Langi Peters
- Full name: Langi Daniel Peters
- Born: 3 April 1979 (age 46) Suva, Fiji
- Height: 6 ft 7 in (201 cm)
- Weight: 257 lb (117 kg)

Rugby union career
- Position: Lock

Provincial / State sides
- Years: Team / Apps / (Points)
- 2006: Wairarapa Bush / 11 / (0)

International career
- Years: Team / Apps / (Points)
- 2005–07: Fiji / 5 / (0)

= Langi Peters =

Langi Daniel Peters (born 3 April 1979) is a Fijian former rugby union international.

==Biography==
Peters, one of twins, is a native of Nausori.

===Rugby career===
A 6 ft 6 in lock, Peters played a season of New Zealand provincial rugby with Wairarapa Bush in 2006 and was a member of their Meads Cup-winning side.
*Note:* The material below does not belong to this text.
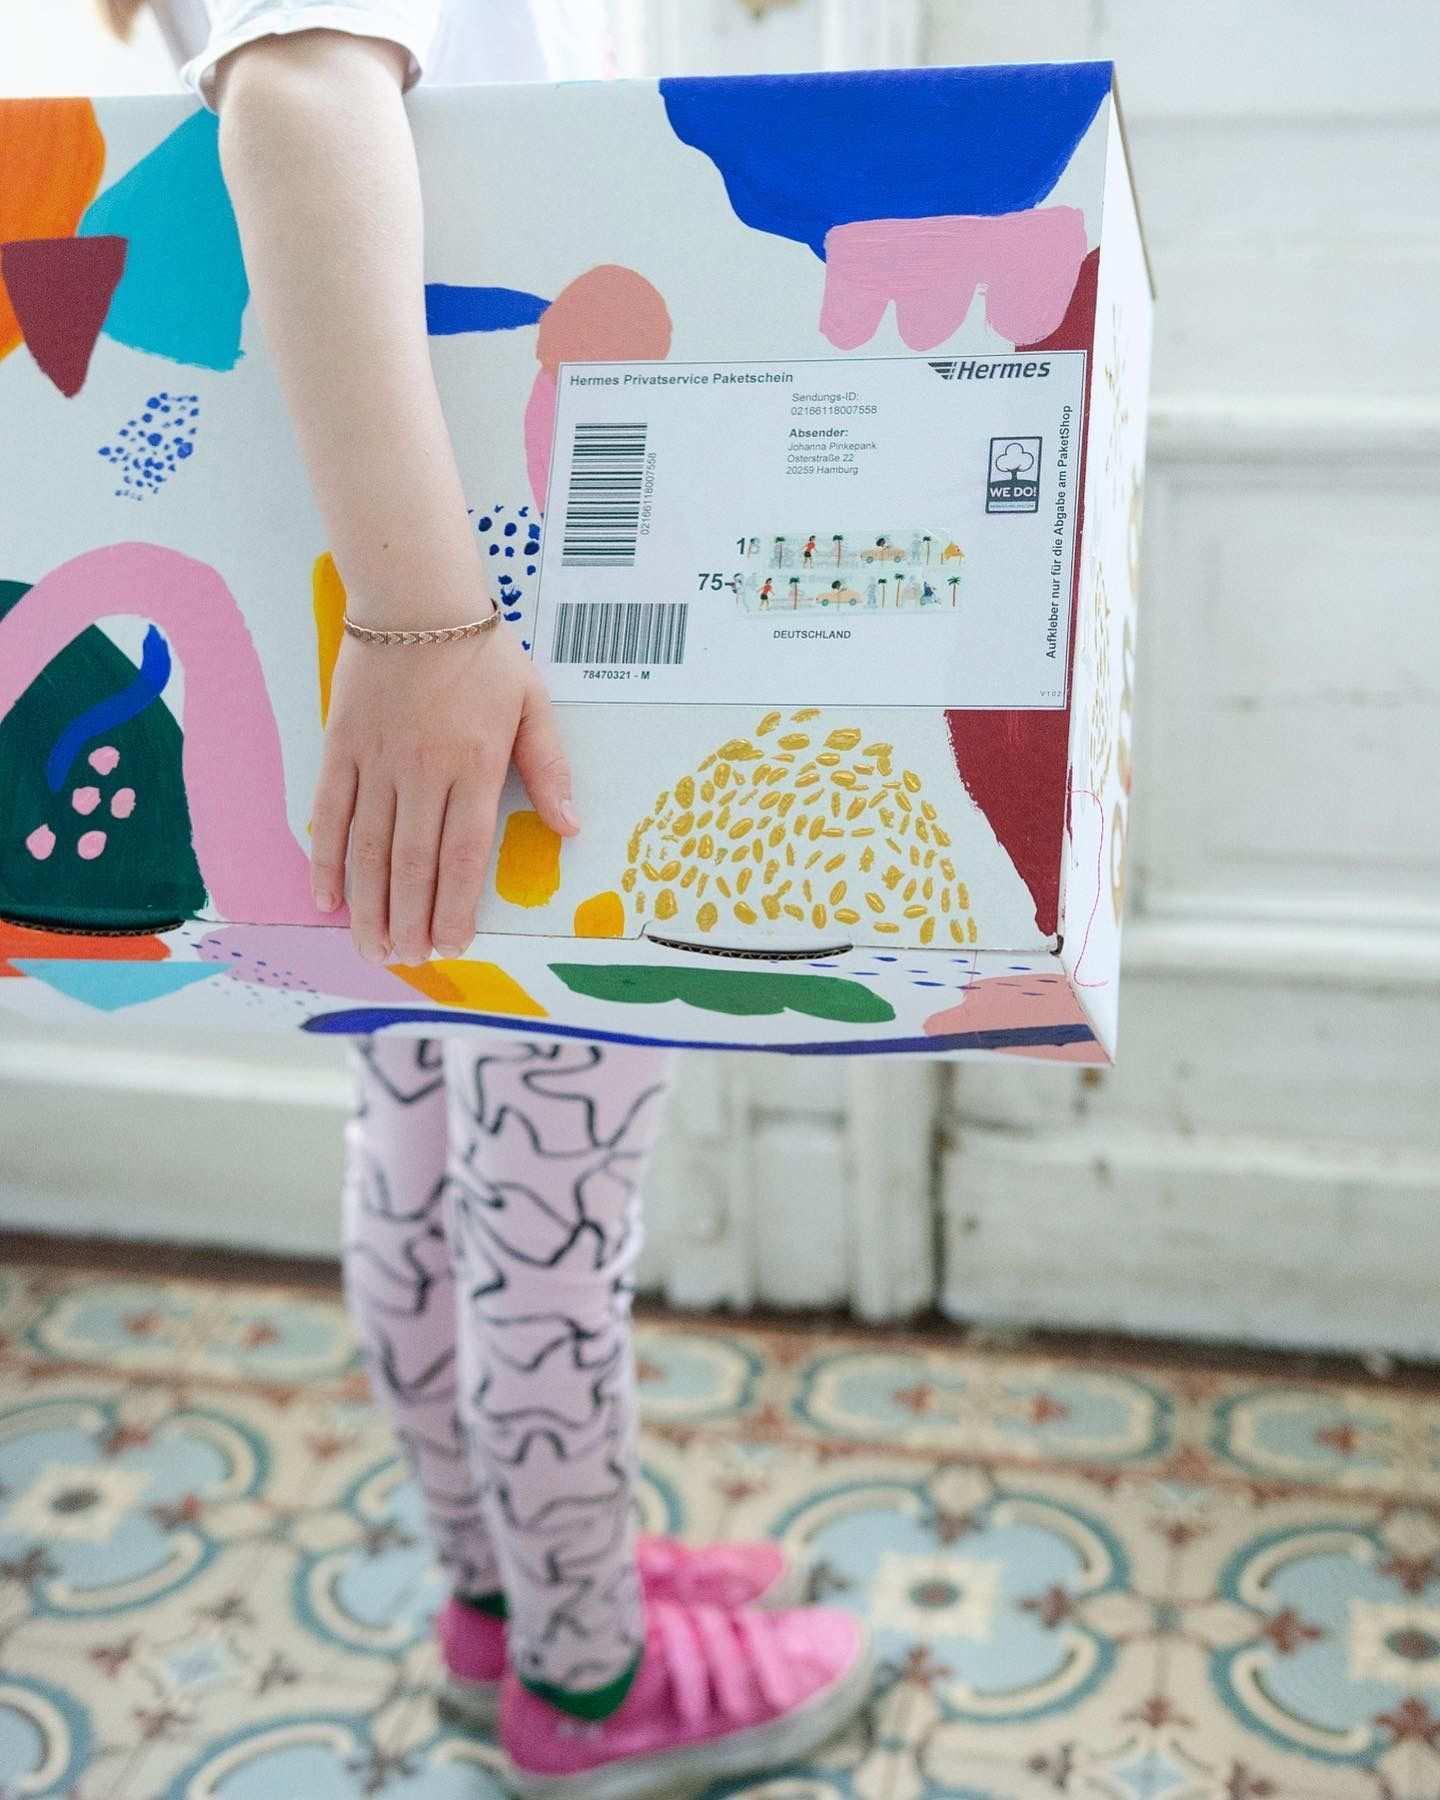 Paketorigami Mit Hermes Unser Wir Vermissen Euch Paket Pinkepank Basteln Mit Papier Diy Bastelideen Selbermachen Geschenke
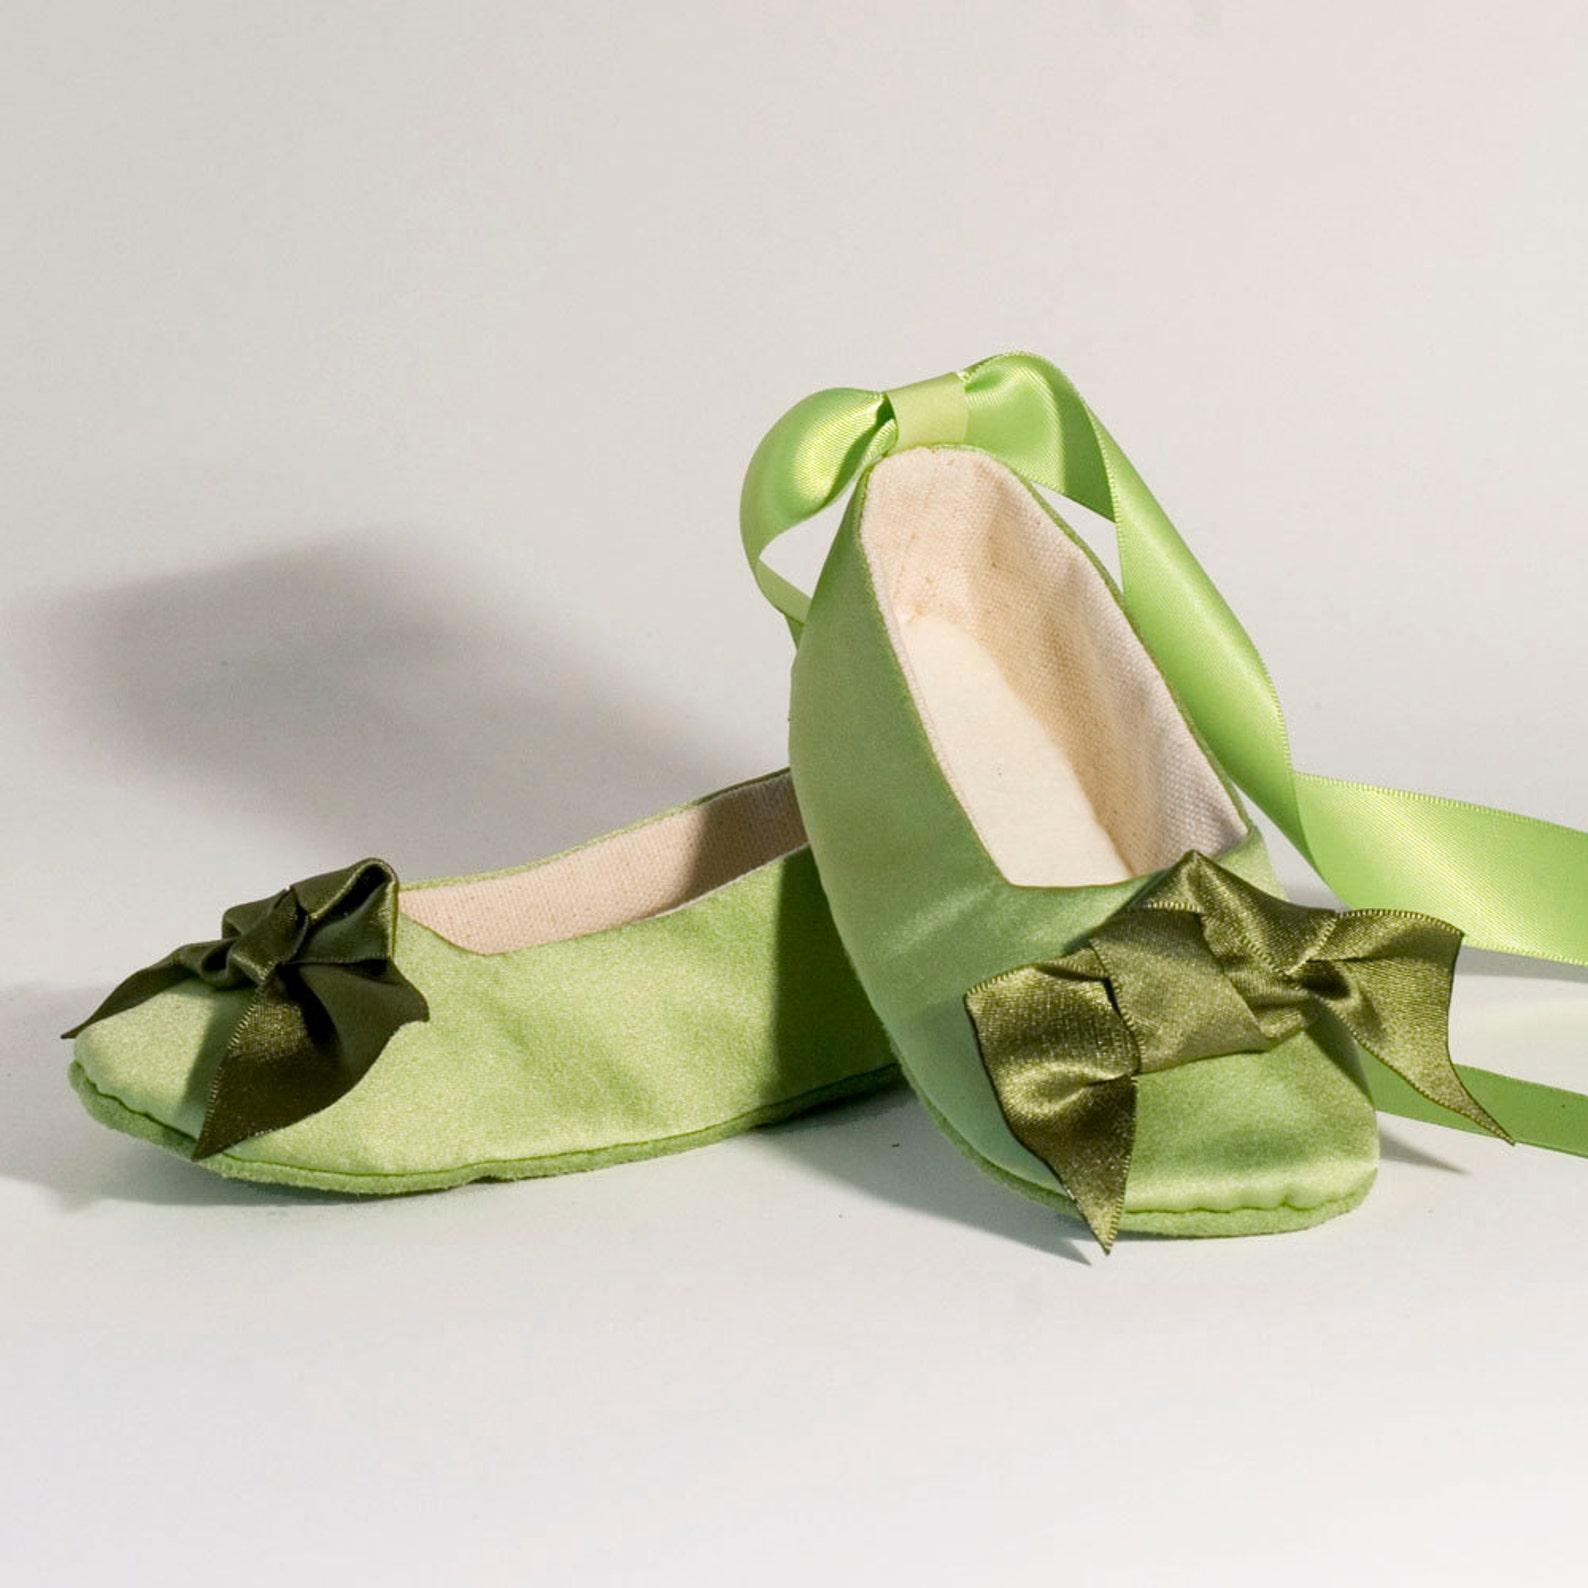 green satin flower girl ballet slipper, spring wedding, green baby, toddler shoe, baby ballet flat, baby shower, little girl sho

After first playing in France in 2008, Peters competed for various clubs in the country's lower divisions on a contract basis and at the age of 44 won a Fédérale 1 title with Stade Langonnais in 2023.

Peters made five capped appearances for Fiji between 2005 and 2007, debuting off the bench against Samoa in Apia. He was ruled out of contention for the 2007 Rugby World Cup when he ruptured his anterior cruciate ligament.